*PROBLEM TO WORK ON*:
Take the data below and extract the lines from the one with "太阳能发电系统 工商业屋顶 光伏发电 多种应用形式 节省企业用电成本" to the one with "PUMA Unisex Heritage", inclusive, exactly as written.

--------------------------------

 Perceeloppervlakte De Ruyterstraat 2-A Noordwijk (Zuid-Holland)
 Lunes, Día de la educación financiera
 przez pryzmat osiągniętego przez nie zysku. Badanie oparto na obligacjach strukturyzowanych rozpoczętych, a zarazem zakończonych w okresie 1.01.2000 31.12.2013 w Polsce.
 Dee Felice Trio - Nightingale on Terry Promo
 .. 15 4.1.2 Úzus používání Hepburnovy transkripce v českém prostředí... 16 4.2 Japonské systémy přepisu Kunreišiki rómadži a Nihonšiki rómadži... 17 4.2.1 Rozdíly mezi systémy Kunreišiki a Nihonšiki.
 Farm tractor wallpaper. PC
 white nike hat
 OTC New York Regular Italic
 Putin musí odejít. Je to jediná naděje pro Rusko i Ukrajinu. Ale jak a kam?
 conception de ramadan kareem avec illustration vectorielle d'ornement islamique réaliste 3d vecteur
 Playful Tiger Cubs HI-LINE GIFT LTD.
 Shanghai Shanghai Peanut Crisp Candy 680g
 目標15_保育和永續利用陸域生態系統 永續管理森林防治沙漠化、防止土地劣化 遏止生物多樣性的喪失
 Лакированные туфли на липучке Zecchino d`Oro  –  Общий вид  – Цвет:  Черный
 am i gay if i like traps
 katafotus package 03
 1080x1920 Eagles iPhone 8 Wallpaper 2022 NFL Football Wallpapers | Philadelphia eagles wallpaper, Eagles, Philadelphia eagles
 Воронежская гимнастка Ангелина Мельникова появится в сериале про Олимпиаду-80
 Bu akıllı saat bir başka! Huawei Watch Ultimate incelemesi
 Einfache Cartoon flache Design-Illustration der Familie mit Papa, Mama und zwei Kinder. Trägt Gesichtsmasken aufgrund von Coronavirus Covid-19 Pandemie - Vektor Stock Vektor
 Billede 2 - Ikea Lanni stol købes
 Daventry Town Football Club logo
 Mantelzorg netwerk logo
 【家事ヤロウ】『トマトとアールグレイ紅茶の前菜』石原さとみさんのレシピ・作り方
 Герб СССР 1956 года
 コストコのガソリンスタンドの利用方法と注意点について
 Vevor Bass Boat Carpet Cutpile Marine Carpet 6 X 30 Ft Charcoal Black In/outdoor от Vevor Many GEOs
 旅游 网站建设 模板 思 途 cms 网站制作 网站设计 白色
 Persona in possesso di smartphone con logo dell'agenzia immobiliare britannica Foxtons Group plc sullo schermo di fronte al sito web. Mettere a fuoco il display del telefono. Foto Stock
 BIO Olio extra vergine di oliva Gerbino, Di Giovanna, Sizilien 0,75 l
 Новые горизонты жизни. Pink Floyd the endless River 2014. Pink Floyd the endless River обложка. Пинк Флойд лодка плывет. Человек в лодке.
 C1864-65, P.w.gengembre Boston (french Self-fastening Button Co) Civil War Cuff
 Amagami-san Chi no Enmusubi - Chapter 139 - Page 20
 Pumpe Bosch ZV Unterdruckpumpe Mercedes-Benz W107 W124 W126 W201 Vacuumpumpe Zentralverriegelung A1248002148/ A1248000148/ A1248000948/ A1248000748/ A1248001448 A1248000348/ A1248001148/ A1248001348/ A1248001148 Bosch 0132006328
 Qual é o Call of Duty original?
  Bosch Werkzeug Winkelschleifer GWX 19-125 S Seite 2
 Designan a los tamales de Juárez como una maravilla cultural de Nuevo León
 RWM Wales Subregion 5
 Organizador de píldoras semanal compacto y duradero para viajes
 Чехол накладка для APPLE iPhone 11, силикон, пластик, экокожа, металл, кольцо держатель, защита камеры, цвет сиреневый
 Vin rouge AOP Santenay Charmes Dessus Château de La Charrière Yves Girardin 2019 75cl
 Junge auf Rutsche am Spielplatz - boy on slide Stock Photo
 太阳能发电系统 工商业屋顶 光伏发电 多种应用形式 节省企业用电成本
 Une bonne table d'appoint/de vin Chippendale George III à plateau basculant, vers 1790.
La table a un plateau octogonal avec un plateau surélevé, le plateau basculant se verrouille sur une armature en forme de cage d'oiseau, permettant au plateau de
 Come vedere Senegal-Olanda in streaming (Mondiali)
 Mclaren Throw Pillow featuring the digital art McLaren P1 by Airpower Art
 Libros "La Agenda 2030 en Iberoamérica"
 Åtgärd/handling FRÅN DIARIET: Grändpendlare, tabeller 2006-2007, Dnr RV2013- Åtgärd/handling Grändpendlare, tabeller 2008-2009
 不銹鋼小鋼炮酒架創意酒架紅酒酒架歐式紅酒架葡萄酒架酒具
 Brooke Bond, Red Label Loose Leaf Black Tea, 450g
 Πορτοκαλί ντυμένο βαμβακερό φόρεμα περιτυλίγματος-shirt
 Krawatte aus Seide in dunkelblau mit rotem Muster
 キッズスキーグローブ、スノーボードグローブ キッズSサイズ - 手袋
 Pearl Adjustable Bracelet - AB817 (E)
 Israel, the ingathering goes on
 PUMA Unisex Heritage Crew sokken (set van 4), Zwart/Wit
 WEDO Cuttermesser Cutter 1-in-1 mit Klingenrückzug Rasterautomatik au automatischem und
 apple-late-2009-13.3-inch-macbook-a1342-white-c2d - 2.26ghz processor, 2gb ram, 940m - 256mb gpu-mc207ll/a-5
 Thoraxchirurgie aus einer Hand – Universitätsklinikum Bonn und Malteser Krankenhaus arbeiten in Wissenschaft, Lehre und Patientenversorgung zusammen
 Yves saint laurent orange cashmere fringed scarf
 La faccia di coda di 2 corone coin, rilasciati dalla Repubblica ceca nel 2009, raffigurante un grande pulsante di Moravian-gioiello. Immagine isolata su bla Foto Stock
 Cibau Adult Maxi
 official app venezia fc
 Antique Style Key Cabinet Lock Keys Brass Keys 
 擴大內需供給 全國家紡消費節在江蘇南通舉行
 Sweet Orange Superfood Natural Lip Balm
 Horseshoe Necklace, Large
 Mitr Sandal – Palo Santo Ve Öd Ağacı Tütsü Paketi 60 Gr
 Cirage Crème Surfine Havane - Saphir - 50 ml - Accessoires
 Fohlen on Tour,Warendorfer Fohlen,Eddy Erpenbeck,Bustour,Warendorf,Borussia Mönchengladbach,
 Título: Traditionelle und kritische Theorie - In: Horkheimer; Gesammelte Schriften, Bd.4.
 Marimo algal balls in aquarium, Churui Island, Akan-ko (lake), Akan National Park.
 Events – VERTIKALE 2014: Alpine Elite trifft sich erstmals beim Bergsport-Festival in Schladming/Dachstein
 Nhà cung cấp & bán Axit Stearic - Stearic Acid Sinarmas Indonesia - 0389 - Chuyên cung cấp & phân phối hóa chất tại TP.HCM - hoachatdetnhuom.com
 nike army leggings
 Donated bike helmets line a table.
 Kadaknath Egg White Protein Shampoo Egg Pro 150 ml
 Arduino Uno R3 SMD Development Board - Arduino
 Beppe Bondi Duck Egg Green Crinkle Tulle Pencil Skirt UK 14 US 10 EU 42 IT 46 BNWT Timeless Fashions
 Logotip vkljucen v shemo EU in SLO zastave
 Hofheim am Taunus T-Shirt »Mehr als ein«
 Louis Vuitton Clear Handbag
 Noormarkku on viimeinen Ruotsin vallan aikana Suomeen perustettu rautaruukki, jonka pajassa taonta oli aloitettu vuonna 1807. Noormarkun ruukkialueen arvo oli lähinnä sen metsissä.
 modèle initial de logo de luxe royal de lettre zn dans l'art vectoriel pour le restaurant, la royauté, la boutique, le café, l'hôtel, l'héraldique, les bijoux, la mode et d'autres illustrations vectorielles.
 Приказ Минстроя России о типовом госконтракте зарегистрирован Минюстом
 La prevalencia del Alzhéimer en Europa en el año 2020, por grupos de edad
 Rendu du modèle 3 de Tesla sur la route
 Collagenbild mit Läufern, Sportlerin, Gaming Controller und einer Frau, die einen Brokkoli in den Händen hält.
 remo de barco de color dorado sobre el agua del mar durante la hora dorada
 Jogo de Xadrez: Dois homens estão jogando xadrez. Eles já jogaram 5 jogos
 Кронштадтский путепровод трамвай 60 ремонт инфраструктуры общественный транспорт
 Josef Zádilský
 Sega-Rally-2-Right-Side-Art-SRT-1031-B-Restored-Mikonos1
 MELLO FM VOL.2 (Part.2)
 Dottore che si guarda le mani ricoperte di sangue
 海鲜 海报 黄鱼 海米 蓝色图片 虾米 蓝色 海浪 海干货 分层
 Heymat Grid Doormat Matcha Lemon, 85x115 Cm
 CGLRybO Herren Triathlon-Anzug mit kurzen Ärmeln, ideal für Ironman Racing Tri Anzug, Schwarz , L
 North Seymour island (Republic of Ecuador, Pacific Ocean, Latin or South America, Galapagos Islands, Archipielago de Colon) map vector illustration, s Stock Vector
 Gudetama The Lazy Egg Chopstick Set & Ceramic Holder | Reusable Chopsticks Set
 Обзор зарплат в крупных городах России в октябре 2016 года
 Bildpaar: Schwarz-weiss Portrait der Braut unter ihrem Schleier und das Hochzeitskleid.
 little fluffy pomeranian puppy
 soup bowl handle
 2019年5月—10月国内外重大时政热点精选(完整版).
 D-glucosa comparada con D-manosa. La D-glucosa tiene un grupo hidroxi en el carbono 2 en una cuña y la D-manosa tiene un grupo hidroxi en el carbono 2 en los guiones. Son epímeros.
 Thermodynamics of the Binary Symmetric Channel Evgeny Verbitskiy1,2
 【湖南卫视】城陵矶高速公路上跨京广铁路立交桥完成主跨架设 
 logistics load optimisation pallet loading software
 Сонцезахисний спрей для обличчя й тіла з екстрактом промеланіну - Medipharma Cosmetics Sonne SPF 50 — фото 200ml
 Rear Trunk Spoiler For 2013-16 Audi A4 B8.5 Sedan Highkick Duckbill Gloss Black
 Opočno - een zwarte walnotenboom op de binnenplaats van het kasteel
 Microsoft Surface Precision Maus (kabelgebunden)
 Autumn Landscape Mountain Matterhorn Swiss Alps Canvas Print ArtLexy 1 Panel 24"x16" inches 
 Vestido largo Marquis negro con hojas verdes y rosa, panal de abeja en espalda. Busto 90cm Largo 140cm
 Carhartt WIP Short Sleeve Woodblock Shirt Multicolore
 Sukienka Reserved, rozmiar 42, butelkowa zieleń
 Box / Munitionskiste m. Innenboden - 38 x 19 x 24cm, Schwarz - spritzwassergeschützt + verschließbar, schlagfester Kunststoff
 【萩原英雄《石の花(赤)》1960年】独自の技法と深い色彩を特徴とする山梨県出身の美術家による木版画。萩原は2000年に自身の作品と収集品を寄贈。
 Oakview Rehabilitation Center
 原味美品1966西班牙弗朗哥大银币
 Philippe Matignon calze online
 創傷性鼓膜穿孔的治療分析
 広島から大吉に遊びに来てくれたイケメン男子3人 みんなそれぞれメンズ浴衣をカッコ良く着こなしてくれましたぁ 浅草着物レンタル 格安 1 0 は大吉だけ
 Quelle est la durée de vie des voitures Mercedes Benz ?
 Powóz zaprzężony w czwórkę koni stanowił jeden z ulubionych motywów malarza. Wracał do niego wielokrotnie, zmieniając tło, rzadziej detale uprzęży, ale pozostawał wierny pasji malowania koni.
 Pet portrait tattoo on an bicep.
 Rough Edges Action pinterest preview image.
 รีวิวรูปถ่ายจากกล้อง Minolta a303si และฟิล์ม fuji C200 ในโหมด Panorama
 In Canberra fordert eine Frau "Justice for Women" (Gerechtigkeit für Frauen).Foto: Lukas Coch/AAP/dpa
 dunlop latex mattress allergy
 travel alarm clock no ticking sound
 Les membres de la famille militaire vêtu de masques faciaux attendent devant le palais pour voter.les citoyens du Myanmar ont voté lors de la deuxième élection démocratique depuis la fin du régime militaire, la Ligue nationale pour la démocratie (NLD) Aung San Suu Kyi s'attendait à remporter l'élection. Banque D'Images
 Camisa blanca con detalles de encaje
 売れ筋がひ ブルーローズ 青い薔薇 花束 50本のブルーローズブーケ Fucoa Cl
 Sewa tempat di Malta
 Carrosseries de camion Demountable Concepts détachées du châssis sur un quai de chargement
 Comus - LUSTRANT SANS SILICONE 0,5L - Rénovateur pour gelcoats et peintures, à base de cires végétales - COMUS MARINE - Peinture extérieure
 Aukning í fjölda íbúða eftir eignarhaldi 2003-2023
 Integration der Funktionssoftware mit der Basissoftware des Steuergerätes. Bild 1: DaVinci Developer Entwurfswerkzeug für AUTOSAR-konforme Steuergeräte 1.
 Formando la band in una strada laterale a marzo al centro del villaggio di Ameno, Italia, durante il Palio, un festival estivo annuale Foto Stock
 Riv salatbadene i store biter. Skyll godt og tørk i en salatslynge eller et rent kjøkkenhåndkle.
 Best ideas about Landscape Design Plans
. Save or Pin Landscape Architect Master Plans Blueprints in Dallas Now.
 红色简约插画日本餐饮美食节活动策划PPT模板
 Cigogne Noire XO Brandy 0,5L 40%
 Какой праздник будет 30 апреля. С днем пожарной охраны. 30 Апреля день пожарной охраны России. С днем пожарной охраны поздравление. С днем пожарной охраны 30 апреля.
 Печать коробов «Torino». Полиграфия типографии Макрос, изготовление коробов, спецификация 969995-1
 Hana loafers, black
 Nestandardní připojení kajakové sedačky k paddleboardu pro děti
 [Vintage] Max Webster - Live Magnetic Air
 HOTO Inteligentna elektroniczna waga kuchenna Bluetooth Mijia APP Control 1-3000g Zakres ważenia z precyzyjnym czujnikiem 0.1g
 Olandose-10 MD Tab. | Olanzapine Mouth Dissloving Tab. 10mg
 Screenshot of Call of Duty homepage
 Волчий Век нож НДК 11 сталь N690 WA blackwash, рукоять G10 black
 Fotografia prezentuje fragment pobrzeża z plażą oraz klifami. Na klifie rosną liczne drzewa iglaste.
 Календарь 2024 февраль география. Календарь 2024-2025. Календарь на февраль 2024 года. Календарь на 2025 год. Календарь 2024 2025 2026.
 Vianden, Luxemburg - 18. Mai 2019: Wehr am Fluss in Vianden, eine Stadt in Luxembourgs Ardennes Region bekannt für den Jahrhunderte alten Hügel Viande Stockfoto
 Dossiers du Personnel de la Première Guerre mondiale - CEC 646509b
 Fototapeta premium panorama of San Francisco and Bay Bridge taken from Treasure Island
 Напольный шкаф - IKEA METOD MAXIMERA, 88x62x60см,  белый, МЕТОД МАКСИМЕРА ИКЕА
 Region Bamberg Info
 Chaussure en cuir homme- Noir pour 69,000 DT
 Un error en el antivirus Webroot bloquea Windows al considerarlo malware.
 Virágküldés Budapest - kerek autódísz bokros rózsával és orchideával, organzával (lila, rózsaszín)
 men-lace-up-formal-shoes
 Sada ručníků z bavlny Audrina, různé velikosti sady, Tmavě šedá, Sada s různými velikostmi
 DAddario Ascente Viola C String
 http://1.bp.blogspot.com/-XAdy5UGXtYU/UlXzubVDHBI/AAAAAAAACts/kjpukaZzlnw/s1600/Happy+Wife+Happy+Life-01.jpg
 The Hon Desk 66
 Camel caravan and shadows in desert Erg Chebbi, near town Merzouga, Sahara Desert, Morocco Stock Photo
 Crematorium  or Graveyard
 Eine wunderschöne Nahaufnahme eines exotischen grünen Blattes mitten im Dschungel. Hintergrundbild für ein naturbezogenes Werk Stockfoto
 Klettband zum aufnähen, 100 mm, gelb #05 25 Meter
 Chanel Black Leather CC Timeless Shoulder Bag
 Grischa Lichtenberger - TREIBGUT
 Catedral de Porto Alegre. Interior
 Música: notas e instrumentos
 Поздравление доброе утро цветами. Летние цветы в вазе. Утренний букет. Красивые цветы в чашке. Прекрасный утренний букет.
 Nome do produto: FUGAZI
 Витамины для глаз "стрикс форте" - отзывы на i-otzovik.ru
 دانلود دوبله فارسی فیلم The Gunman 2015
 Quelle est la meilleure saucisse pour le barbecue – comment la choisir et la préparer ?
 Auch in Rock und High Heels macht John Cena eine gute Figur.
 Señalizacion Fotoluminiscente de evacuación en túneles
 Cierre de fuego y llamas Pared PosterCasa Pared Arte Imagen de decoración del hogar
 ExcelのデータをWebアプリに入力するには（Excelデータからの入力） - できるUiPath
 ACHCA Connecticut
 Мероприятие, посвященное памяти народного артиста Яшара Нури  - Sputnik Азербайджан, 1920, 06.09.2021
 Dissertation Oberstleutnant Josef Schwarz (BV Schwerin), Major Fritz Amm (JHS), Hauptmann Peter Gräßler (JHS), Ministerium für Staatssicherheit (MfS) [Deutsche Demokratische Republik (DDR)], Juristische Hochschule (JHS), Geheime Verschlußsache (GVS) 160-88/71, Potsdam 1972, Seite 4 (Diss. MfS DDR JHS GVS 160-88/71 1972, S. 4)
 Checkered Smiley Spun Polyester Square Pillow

--------------------------------

*RESPONSE FOR THIS EXERCISE*:
 太阳能发电系统 工商业屋顶 光伏发电 多种应用形式 节省企业用电成本
 Une bonne table d'appoint/de vin Chippendale George III à plateau basculant, vers 1790.
La table a un plateau octogonal avec un plateau surélevé, le plateau basculant se verrouille sur une armature en forme de cage d'oiseau, permettant au plateau de
 Come vedere Senegal-Olanda in streaming (Mondiali)
 Mclaren Throw Pillow featuring the digital art McLaren P1 by Airpower Art
 Libros "La Agenda 2030 en Iberoamérica"
 Åtgärd/handling FRÅN DIARIET: Grändpendlare, tabeller 2006-2007, Dnr RV2013- Åtgärd/handling Grändpendlare, tabeller 2008-2009
 不銹鋼小鋼炮酒架創意酒架紅酒酒架歐式紅酒架葡萄酒架酒具
 Brooke Bond, Red Label Loose Leaf Black Tea, 450g
 Πορτοκαλί ντυμένο βαμβακερό φόρεμα περιτυλίγματος-shirt
 Krawatte aus Seide in dunkelblau mit rotem Muster
 キッズスキーグローブ、スノーボードグローブ キッズSサイズ - 手袋
 Pearl Adjustable Bracelet - AB817 (E)
 Israel, the ingathering goes on
 PUMA Unisex Heritage Crew sokken (set van 4), Zwart/Wit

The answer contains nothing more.